- TASK STATEMENT: Return only what lies between the first line of the entries and the line containing "PUMA x PEANUTS women t-shirt", both lines included.

EXTRACTED MATERIAL: Begin

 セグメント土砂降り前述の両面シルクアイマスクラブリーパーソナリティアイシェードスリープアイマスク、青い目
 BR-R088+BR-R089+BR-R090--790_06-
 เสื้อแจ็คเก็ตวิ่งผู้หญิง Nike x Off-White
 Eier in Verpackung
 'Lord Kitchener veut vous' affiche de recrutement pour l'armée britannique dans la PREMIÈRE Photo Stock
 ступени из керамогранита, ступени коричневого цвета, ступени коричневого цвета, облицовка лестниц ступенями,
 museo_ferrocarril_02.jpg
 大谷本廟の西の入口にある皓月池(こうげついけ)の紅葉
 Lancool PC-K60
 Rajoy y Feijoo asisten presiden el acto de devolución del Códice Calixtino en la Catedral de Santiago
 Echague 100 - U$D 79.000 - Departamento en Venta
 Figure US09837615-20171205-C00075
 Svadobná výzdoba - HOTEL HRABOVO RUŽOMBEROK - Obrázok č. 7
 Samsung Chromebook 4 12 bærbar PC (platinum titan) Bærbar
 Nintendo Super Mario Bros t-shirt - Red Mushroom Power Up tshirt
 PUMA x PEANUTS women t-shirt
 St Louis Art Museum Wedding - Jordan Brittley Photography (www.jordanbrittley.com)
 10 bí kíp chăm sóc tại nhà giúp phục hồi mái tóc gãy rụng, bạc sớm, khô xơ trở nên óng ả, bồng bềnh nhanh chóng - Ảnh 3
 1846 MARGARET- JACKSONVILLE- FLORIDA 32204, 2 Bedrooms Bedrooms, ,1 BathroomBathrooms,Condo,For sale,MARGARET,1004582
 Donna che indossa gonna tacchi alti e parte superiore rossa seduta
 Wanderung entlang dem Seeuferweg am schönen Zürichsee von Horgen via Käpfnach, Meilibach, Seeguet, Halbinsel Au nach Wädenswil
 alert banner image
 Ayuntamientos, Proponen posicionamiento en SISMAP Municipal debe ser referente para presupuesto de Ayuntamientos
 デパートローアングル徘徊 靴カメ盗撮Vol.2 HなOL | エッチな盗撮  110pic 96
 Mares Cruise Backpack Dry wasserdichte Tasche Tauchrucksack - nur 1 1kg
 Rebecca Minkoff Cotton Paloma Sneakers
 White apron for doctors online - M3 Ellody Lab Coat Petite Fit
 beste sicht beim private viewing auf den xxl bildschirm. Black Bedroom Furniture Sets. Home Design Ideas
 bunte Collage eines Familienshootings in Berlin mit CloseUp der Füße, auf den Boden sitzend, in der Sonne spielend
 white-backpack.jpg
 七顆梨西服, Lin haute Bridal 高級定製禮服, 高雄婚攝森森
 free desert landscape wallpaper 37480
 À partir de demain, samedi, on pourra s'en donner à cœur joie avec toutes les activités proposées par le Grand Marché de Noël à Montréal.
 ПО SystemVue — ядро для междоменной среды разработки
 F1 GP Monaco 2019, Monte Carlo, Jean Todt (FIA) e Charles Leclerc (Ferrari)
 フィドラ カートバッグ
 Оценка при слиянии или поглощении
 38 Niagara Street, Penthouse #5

EXTRACTED MATERIAL: End

- TASK ANSWER:
 セグメント土砂降り前述の両面シルクアイマスクラブリーパーソナリティアイシェードスリープアイマスク、青い目
 BR-R088+BR-R089+BR-R090--790_06-
 เสื้อแจ็คเก็ตวิ่งผู้หญิง Nike x Off-White
 Eier in Verpackung
 'Lord Kitchener veut vous' affiche de recrutement pour l'armée britannique dans la PREMIÈRE Photo Stock
 ступени из керамогранита, ступени коричневого цвета, ступени коричневого цвета, облицовка лестниц ступенями,
 museo_ferrocarril_02.jpg
 大谷本廟の西の入口にある皓月池(こうげついけ)の紅葉
 Lancool PC-K60
 Rajoy y Feijoo asisten presiden el acto de devolución del Códice Calixtino en la Catedral de Santiago
 Echague 100 - U$D 79.000 - Departamento en Venta
 Figure US09837615-20171205-C00075
 Svadobná výzdoba - HOTEL HRABOVO RUŽOMBEROK - Obrázok č. 7
 Samsung Chromebook 4 12 bærbar PC (platinum titan) Bærbar
 Nintendo Super Mario Bros t-shirt - Red Mushroom Power Up tshirt
 PUMA x PEANUTS women t-shirt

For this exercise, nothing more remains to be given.